The human spirit seeks to provide and share, to do work that matters, to serve and be independent. The government is now a vehicle that takes from these endeavors, forcing individuals to submit, comply, and become docile and dependent.

Teenagers face $450 permit fee for wanting to shovel the snow off neighbor's driveway
The free market is under attack in America today. It's so under attack that teenagers looking to make some extra money shoveling snow can now be stopped in their tracks and forced to pay erroneous permit fees.

That's the case for Matt Molinari and Eric Schnepf, two 18-year-olds from Bound Brook, New Jersey. On January 27, they traveled door to door handing out homemade flyers offering their snow-shoveling services. The weather forecast predicted several inches of snow the next day, and school had already been canceled. The boys were looking to serve their neighbors and make some extra cash.

Local news reports in Bound Brook report that local law enforcement told the boys to stop going door to door. The cops said the boys were not allowed to solicit business door-to-door without obtaining a permit from the local government.

The permit cost $450 and is good for 180 days. Fees like this make any small service not worth it at all. Imagine making a hundred dollars shoveling snow one day only to be forced to fork over all of the earnings, plus $350 extra dollars from your savings account just to satisfy the local government permit masters.

When did we become a nation that discourages servitude, hard work and decentralized business that benefits the community?

When did we write laws that intimidate the free market, forcing people to give up and be dependent or be fined until they are dependent?

When did a piece of paper (a permit), get in the way of the free and independent American spirit? What kind of bizarre police state are we now living in?

When are fully reasonable officers of the law going to stop and say, "Hey, I'm not just going to take orders anymore! I'm going to do whatever I can to restore what makes this country, and this world a better place."

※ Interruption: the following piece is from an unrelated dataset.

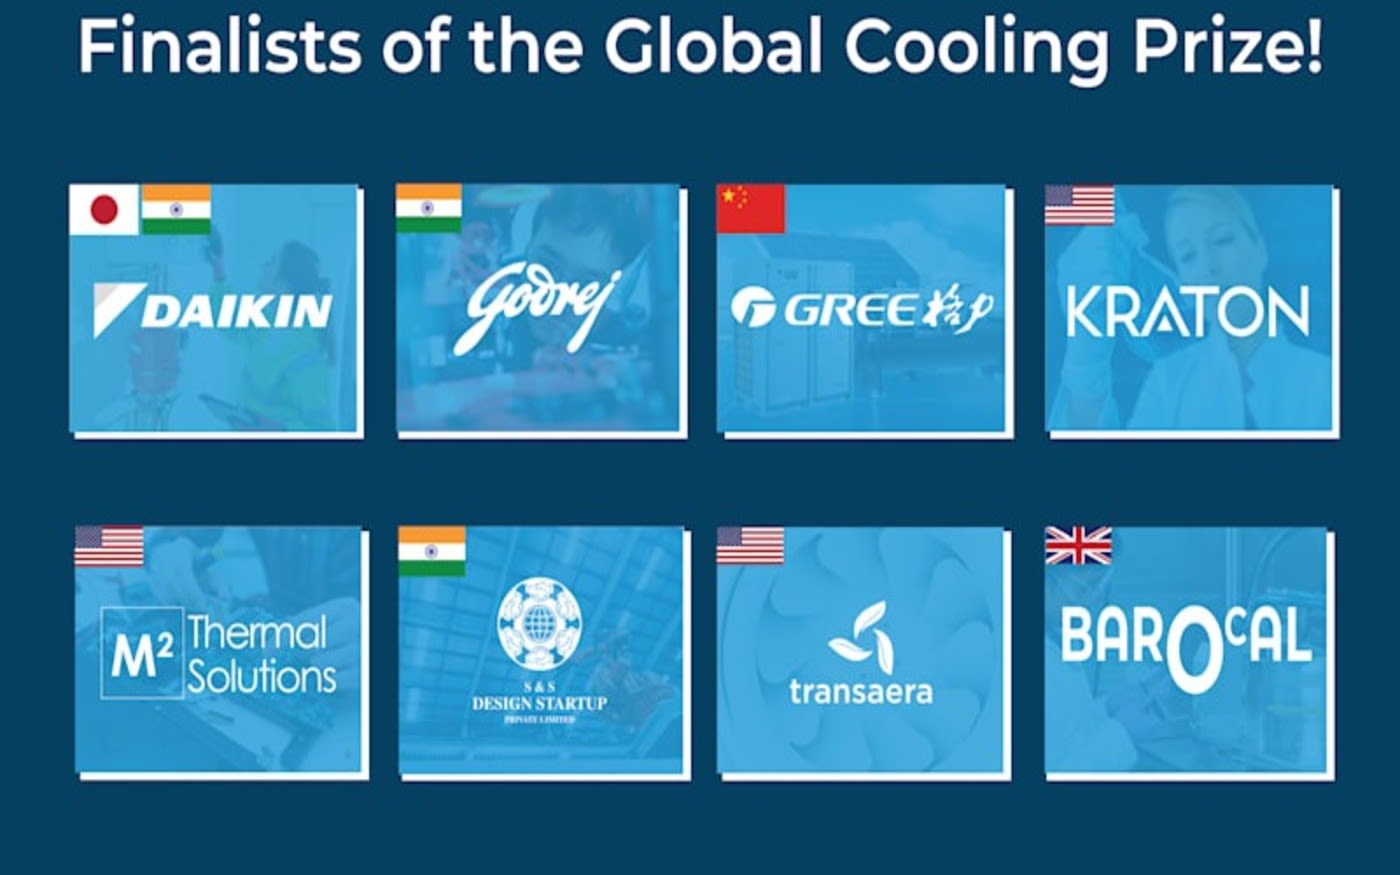 The 8 finalists of the Global Cooling Prize.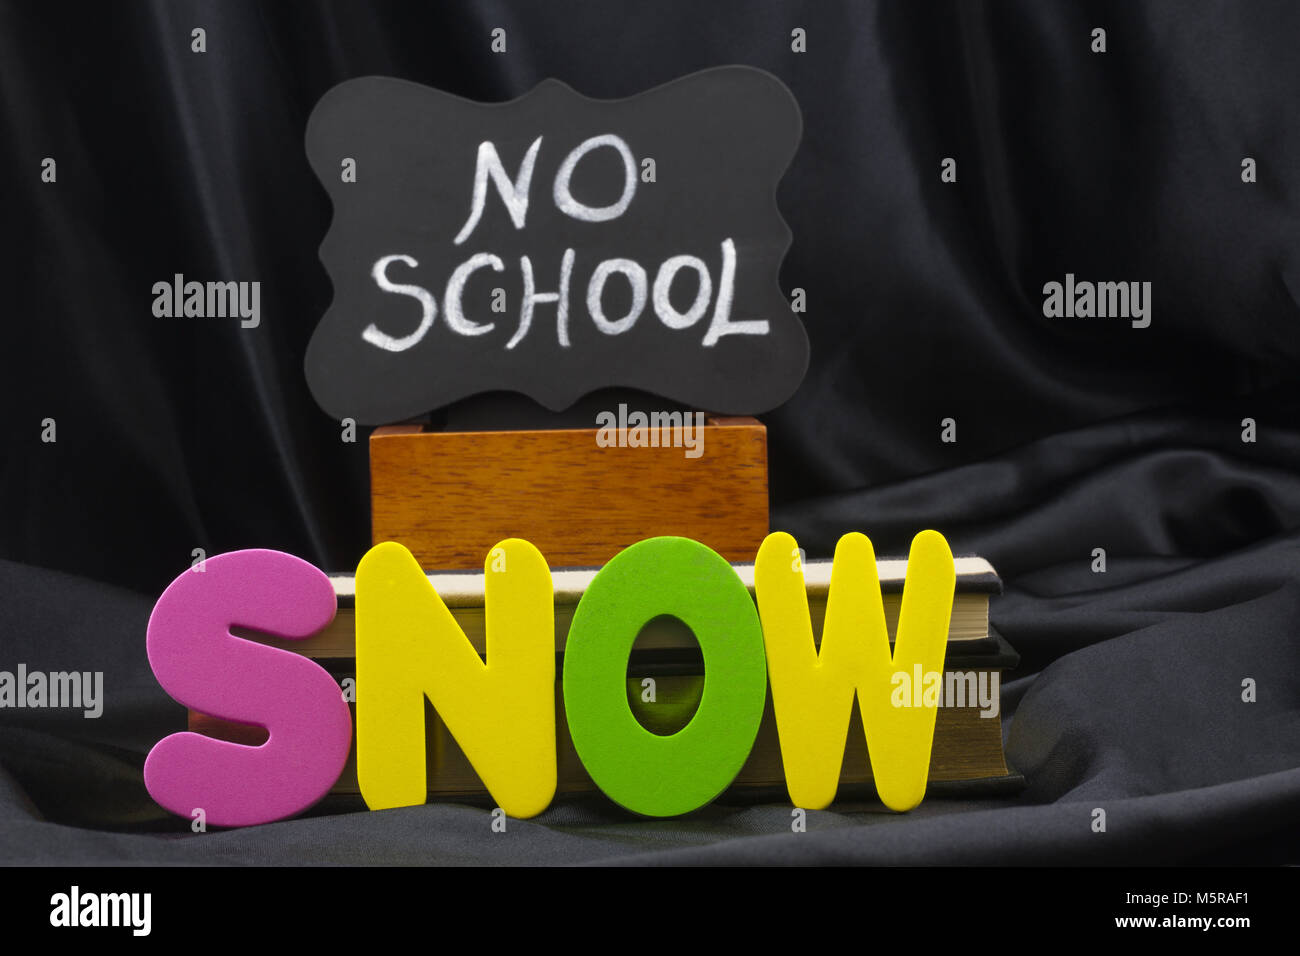 SNOW letters in front of a chalkboard NO SCHOOL sign reflects a winter weather safety closing for area schools.  Letters and signage with black backgr Stock Photo

Learn more: http://www.naturalnews.com/048868_free_market_snow_shoveling_entrepreneurism.html#ixzz3Tik9tEaM
_

The article is a bit bias.... The example of a lemonade stand makes sense and if my daughter was selling lemonade. I would not let police stop her. I would stand my ground and tell them to kick rocks.

The boys shoveling are old enough to run a business and or work a regular job. To me thats just skirting laws we have to follow as business owners. That gives them a unfair advantage if we have to pay permits, insurance, and taxes. Its only illegal to go door to door too. So they have option of free ads and whatnot to attract customers legally. There really getting in trouble for knocking and not shoveling.

To complicate this more the door to door law is to discourage people from knocking on your door and evading your privacy. Its not the normal tax of doing business. I want to be free not to be bothered in my own home. I already get dozens of spam calls and emails. The last thing I need is a line of people on my doorstep.

Perfect example is I partially backed into my neighbors driveway and he called the cops. Hes a ass for that but whatever reason he didnt want people on his property. Its his right. Hes a dick and I wouldve been like dont back in my drive but some men wear panties.
_


----------



## jerpa (Feb 4, 2014)

While the article may be a bit dramatic I agree with the idea of it. The $450 fee only discourages those without money. We have laws in place to keep people off our property. Post a no trespassing sign and if someone violates it intentionally or repeatedly they can be prosecuted.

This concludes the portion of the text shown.